* What you should do
Only lines, not pictures: please repeat exactly the lines from the one with "versnipperd-papier-in-de-shredder-voordelen-papiervernietiging" through the end of the listing.

---------- The data

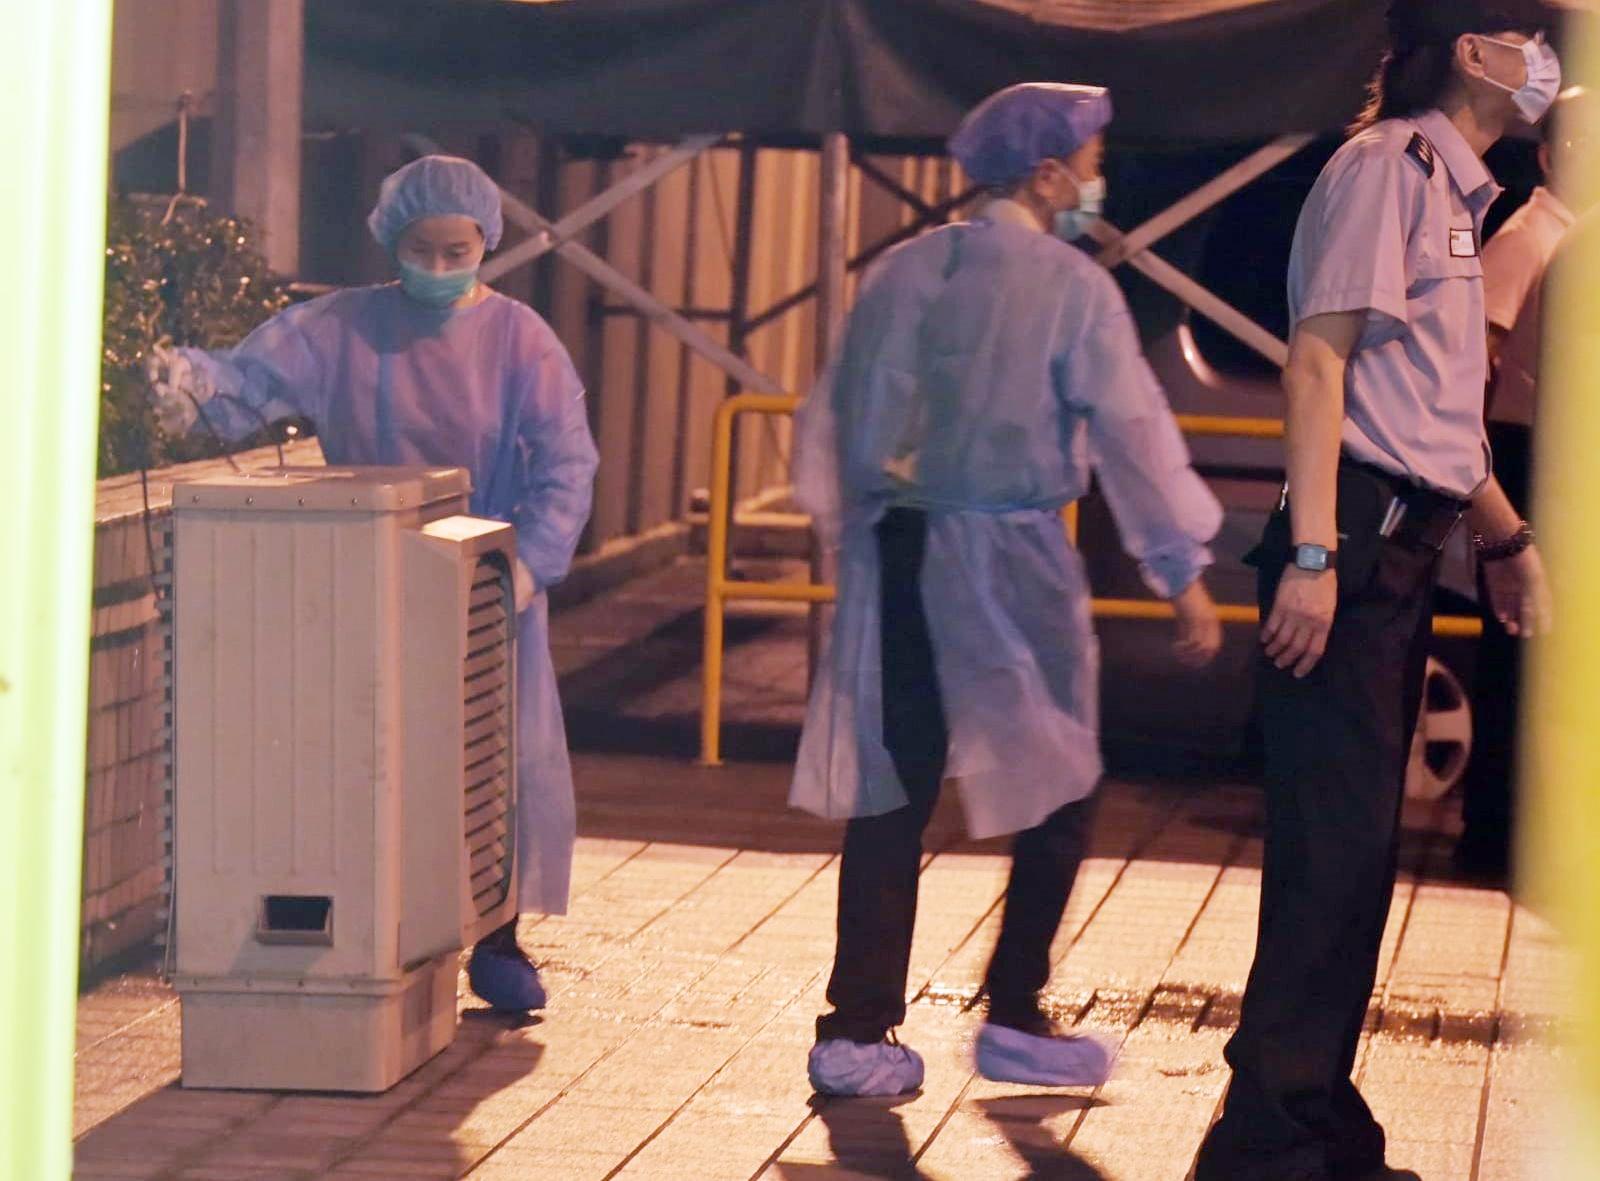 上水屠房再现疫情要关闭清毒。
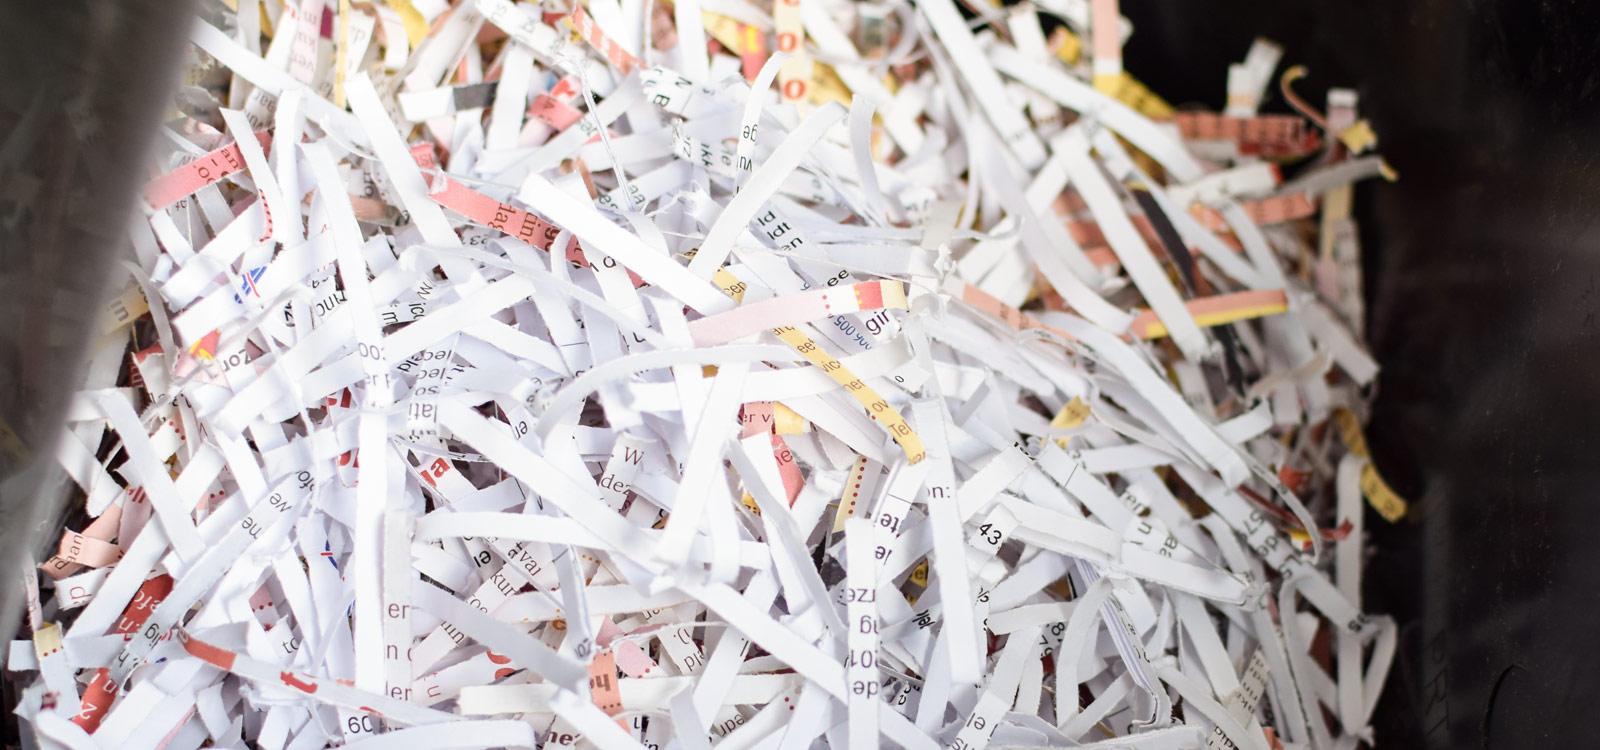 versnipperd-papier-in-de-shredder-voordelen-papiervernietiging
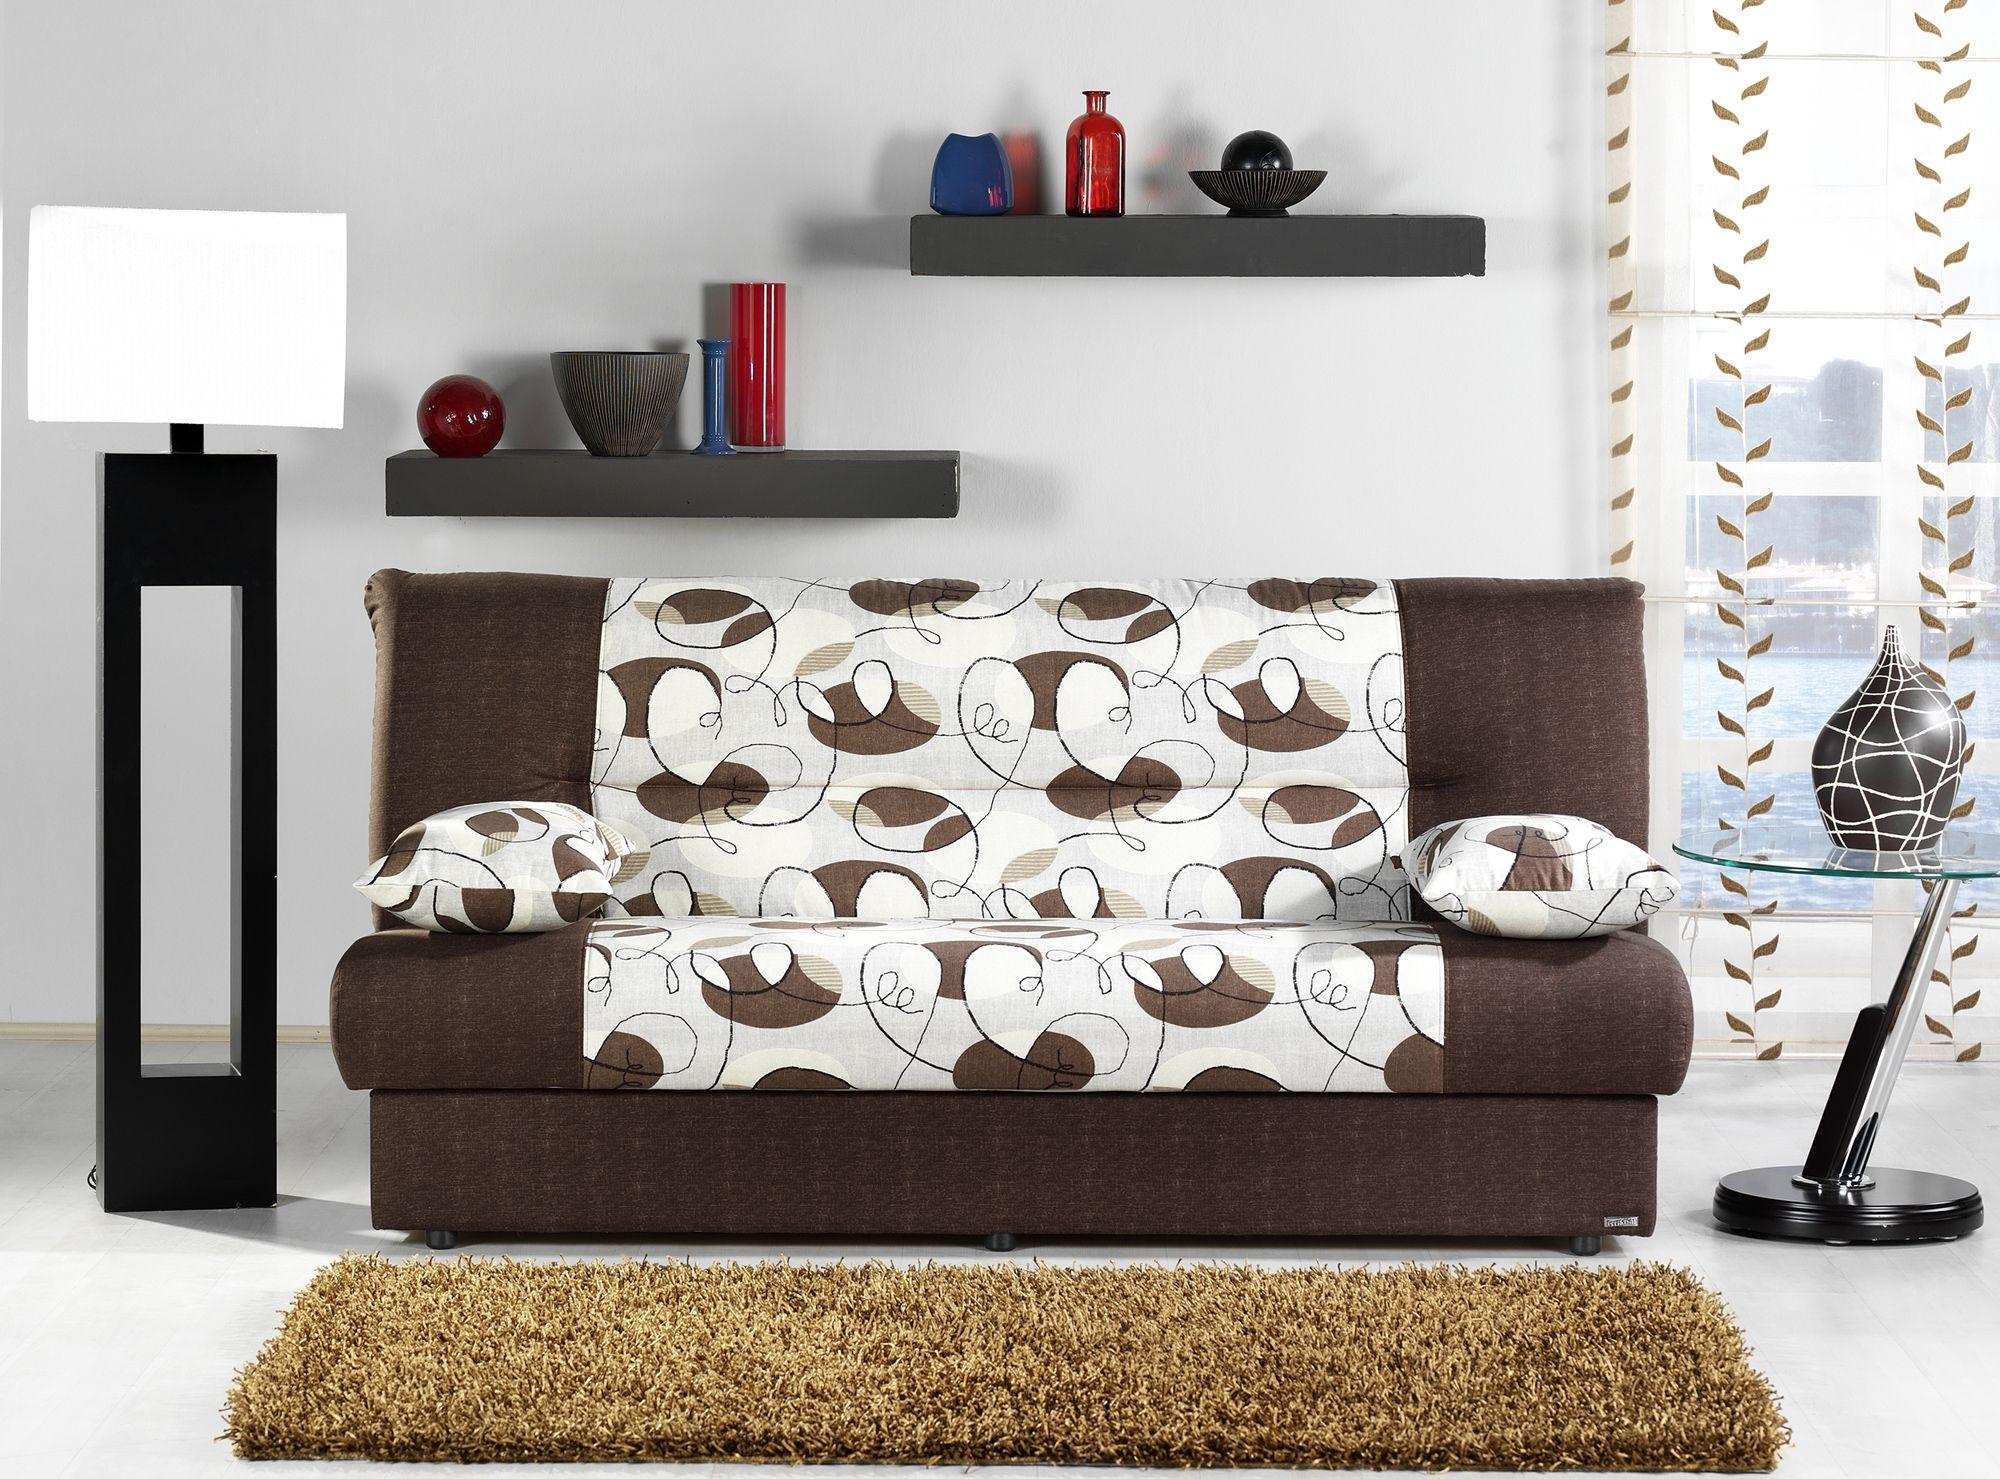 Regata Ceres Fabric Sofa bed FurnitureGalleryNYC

--------------------

* Result
 versnipperd-papier-in-de-shredder-voordelen-papiervernietiging
 Regata Ceres Fabric Sofa bed FurnitureGalleryNYC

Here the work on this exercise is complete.